A Wake-Up Call for India’s Drug Regulation
This tragedy is not the first of its kind. India’s pharmaceutical exports have faced global scrutiny in recent years after DEG-related deaths were reported in Gambia, Uzbekistan, and Cameroon. Yet, despite these warnings, regulatory vigilance at the domestic level remains inconsistent.
Experts believe that India’s vast network of small and medium-sized pharmaceutical manufacturers often escapes stringent quality testing due to resource limitations and bureaucratic inefficiency. The Chhindwara incident, they argue, is a grim reminder that even well-intentioned doctors and parents can become victims of a weak oversight system.

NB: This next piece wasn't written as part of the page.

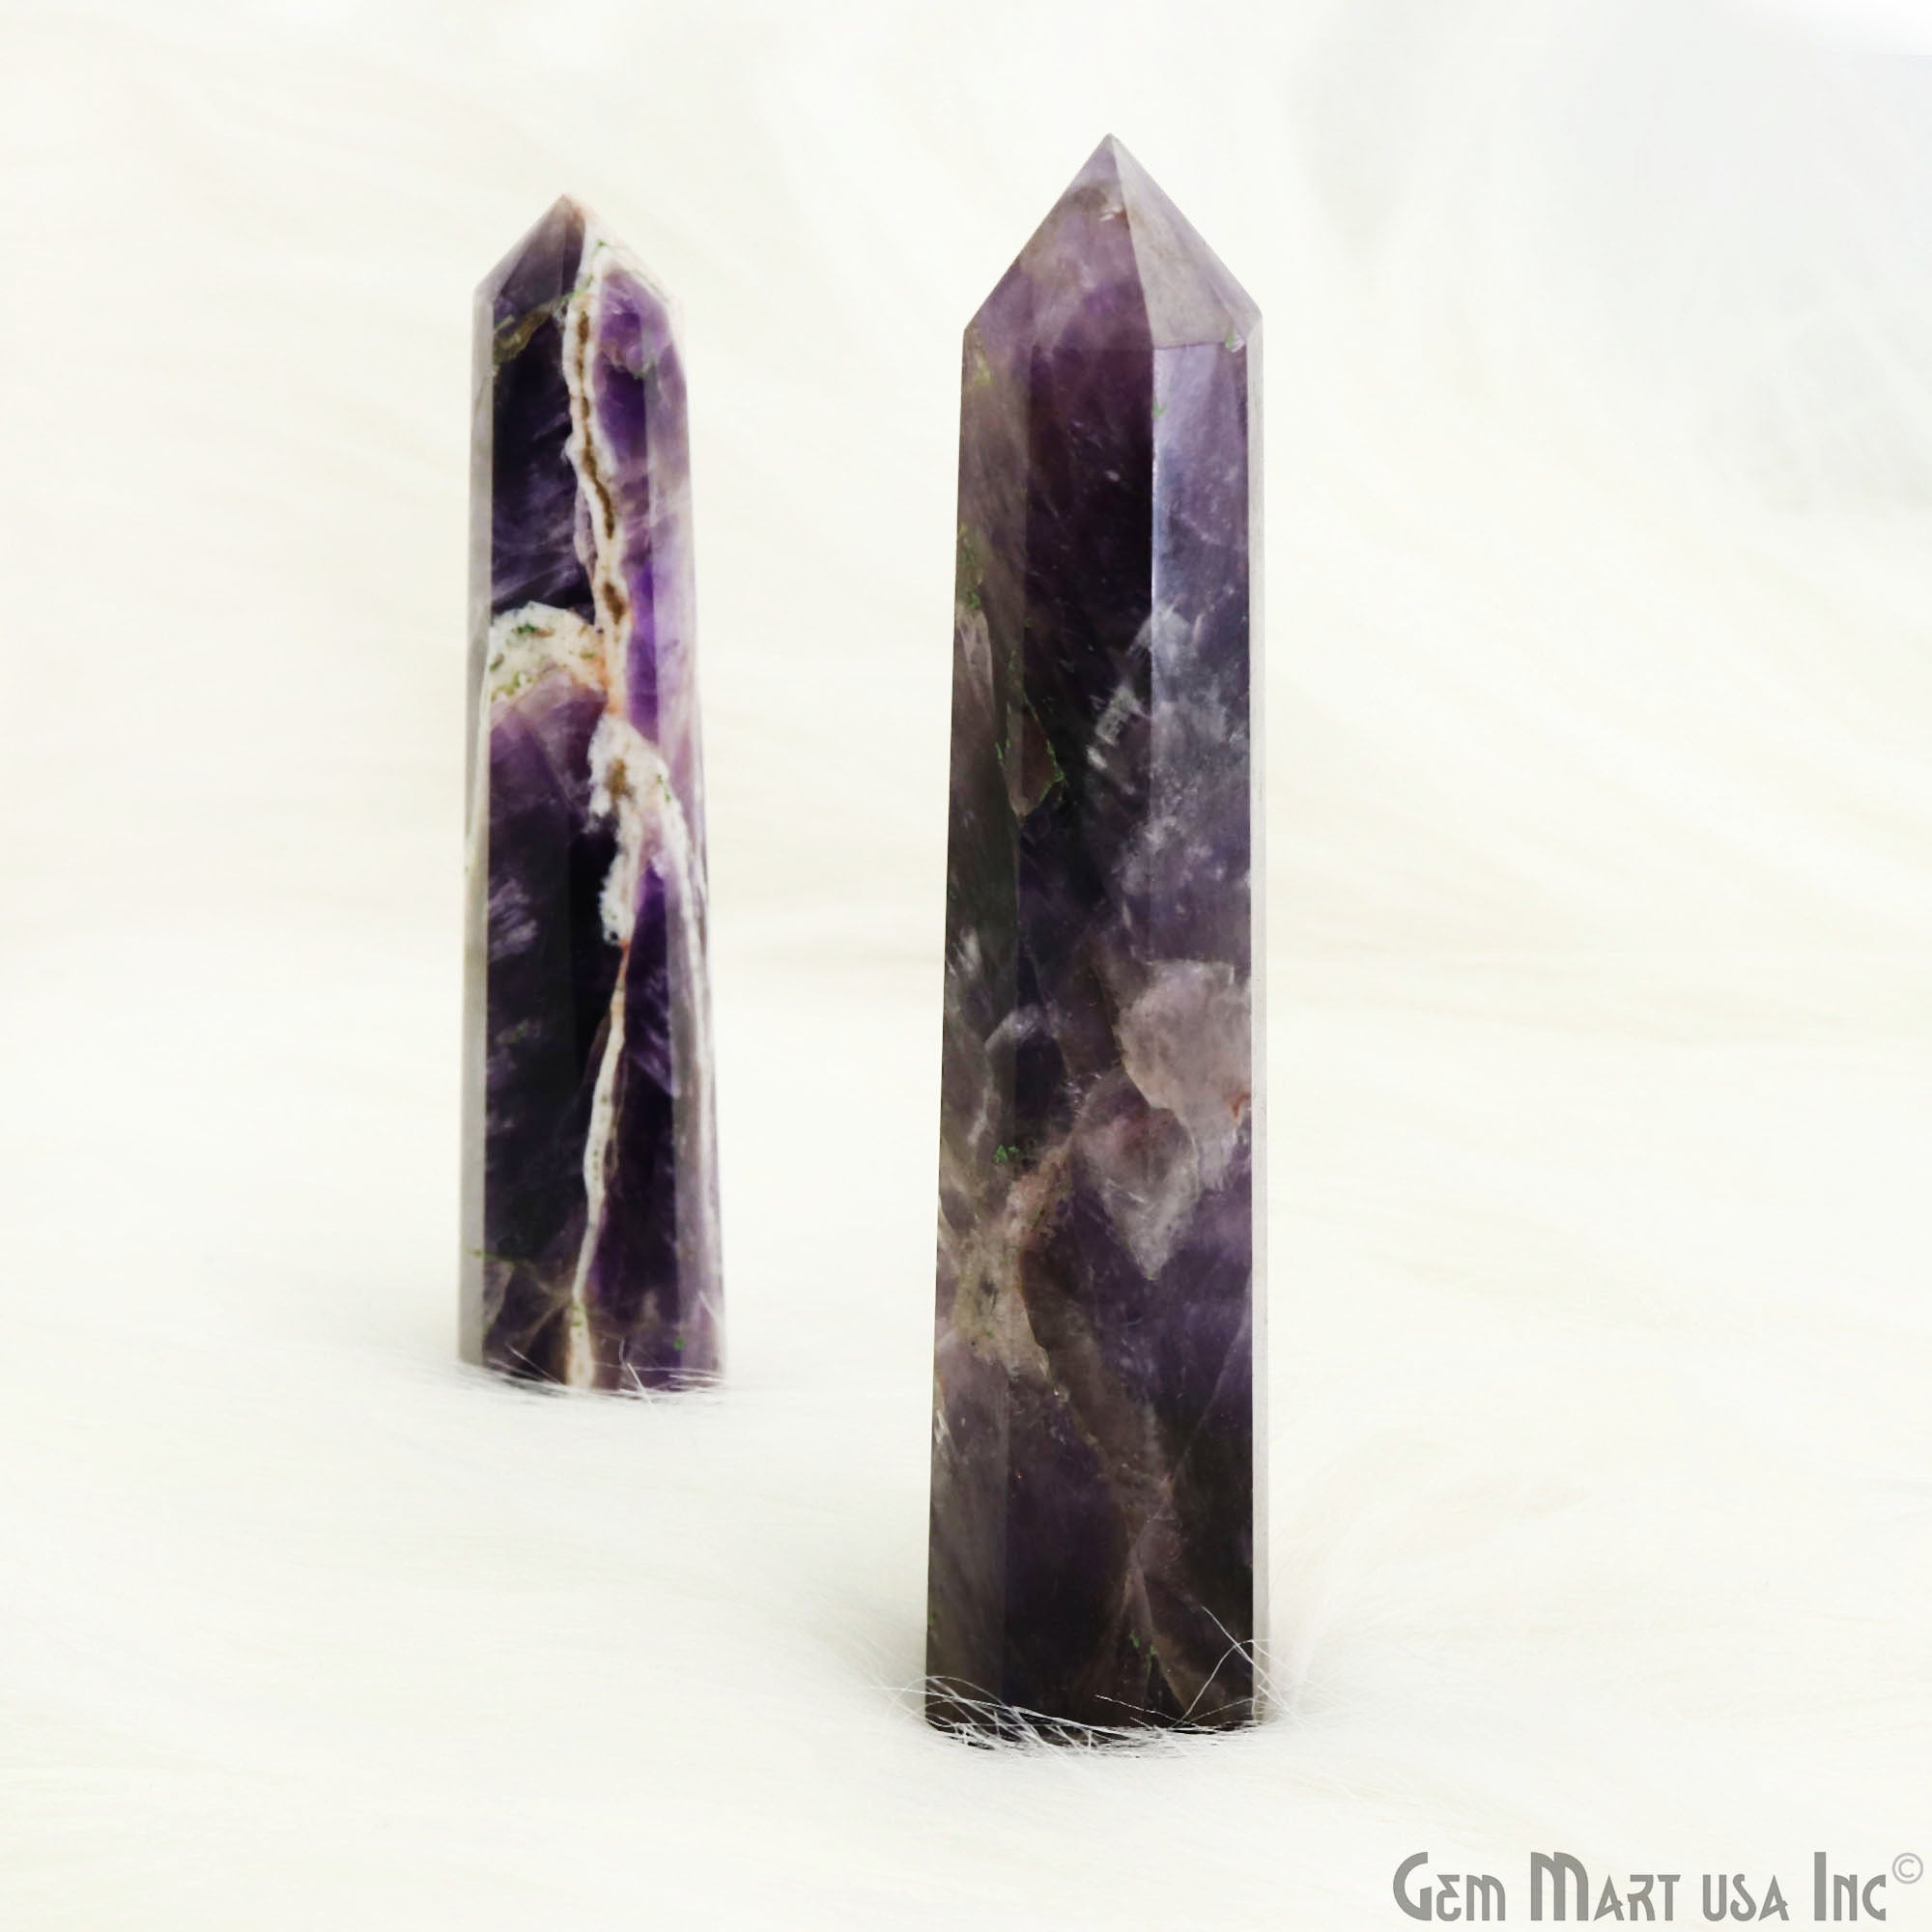 Amethyst Gemstone Jumbo Tower Crystal Tower Obelisk Healing Meditation Gemstones 4-5 Inch

The Madhya Pradesh government has announced compensation for the affected families and promised swift justice once the final lab reports confirm the cause of deaths. Chief Minister Mohan Yadav has called the incident “a national-level failure that must never be repeated.” Meanwhile, public outrage continues to mount, with families demanding that both the pharmaceutical company and regulatory authorities be held equally accountable. The story of Chhindwara has reignited a critical conversation about medicine safety, accountability, and the urgent need for stronger checks within India’s healthcare system.